Materials and methods

Search strategy

This meta-analysis was conducted in accordance with the preferred reporting items for systematic reviews and meta-analysis (PRISMA) 2020 checklist. Electronic databases of PubMed, EMBASE, Cochrane Library, China National Knowledge Internet (CNKI) and Wan Fang were searched to screen relevant studies published up to November 2022. The combinations of the search keywords included (‘inflammation’ OR ‘inflammasome’ OR ‘immune’ OR ‘cytokine’ OR ‘chemokine’ OR ‘interleukin’ OR ‘tumor necrosis factor-α’ OR ‘interferon’ OR ‘transforming growth factor-beta’ OR ‘toll-like receptor’) AND (‘polymorphism’ OR ‘variant’ OR ‘variation’ OR ‘mutation’ OR ‘genetic association’) AND (‘leukemia’ OR ‘hematologic malignancy’) AND (‘pediatric’ OR ‘childhood’ OR ‘children’). The reference lists of all relevant studies and previous reviews were also checked to identify potentially eligible articles.

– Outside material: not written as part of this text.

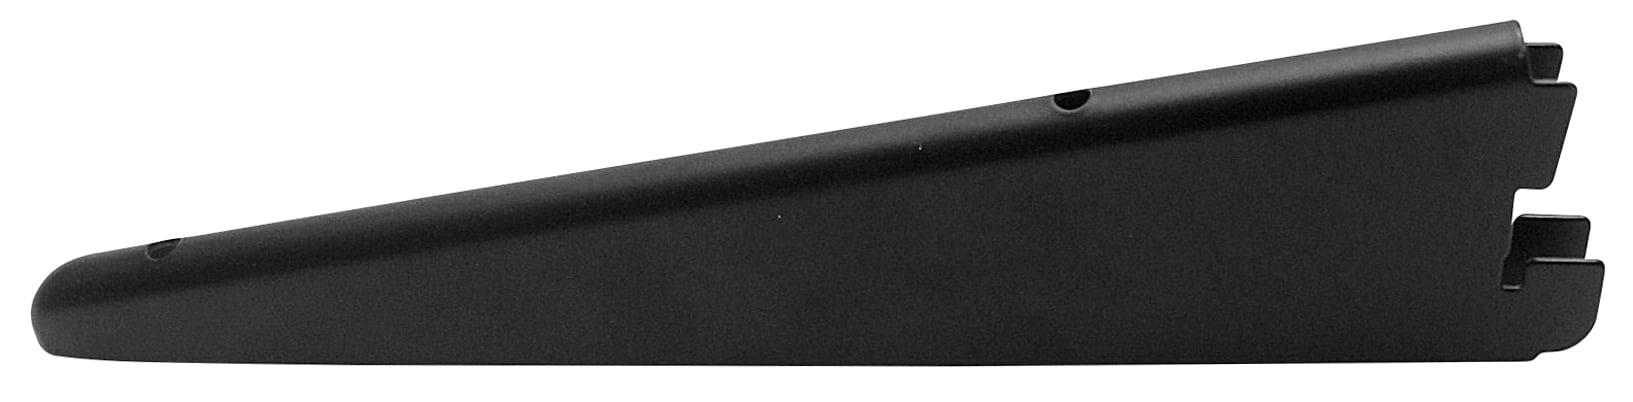 Hyldeknægt RS 22 cm. - sort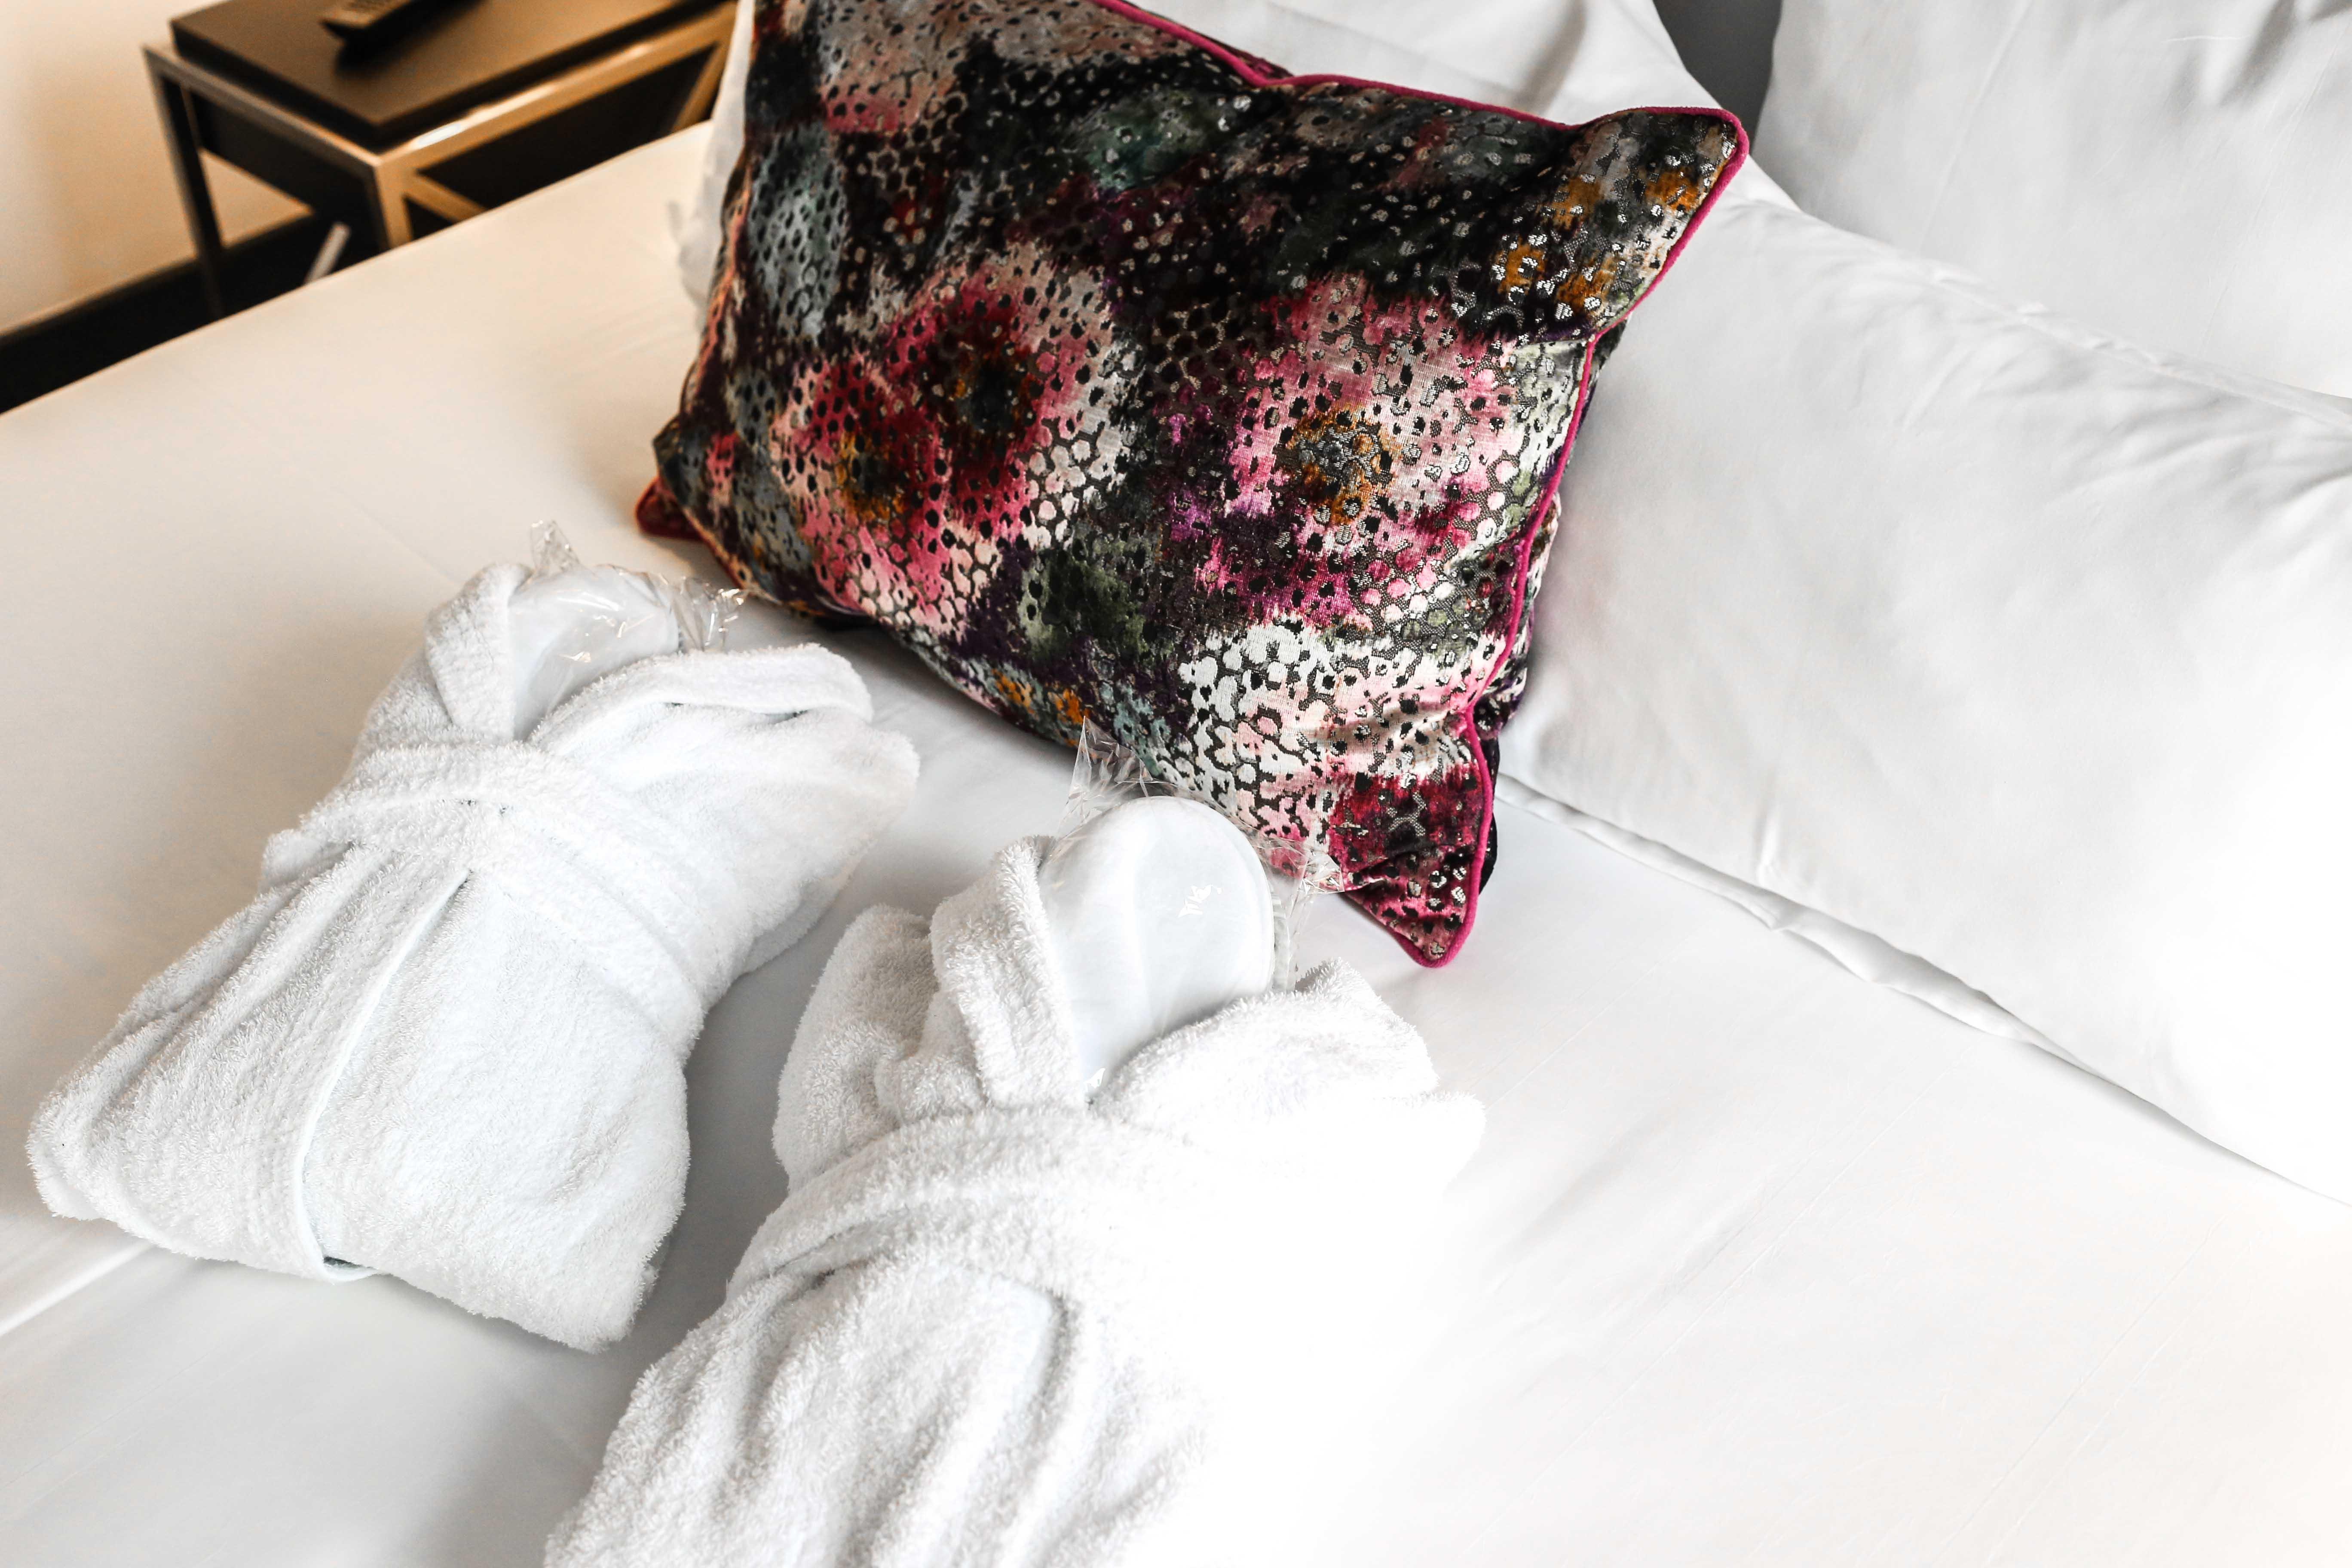 hotel-gustave-4-sterne-hotel-paris-eiffelturm-lage-erfahrung-bericht-reiseblog-travelblog_0645

Inclusion and exclusion criteria

The studies that met the following inclusion criteria were included: (1) evaluated the associations of SNPs in inflammation-related genes and the susceptibility to childhood leukemia and clinical outcomes (such as relapse or survival); (2) in a case–control or cohort design; (3) provided the genotype frequencies of cases and controls for estimation of ORs and 95%CIs; and (4) the full-texts published in English or Chinese were available. The exclusion criteria were: (1) repeated publications; (2) case reports, reviews, conference abstracts, animal or cell studies; (3) adult leukemia samples were mixed; (4) polymorphisms were examined in less than two articles; (5) data could not be retrievable; and (6) studies did not focus on the related topic.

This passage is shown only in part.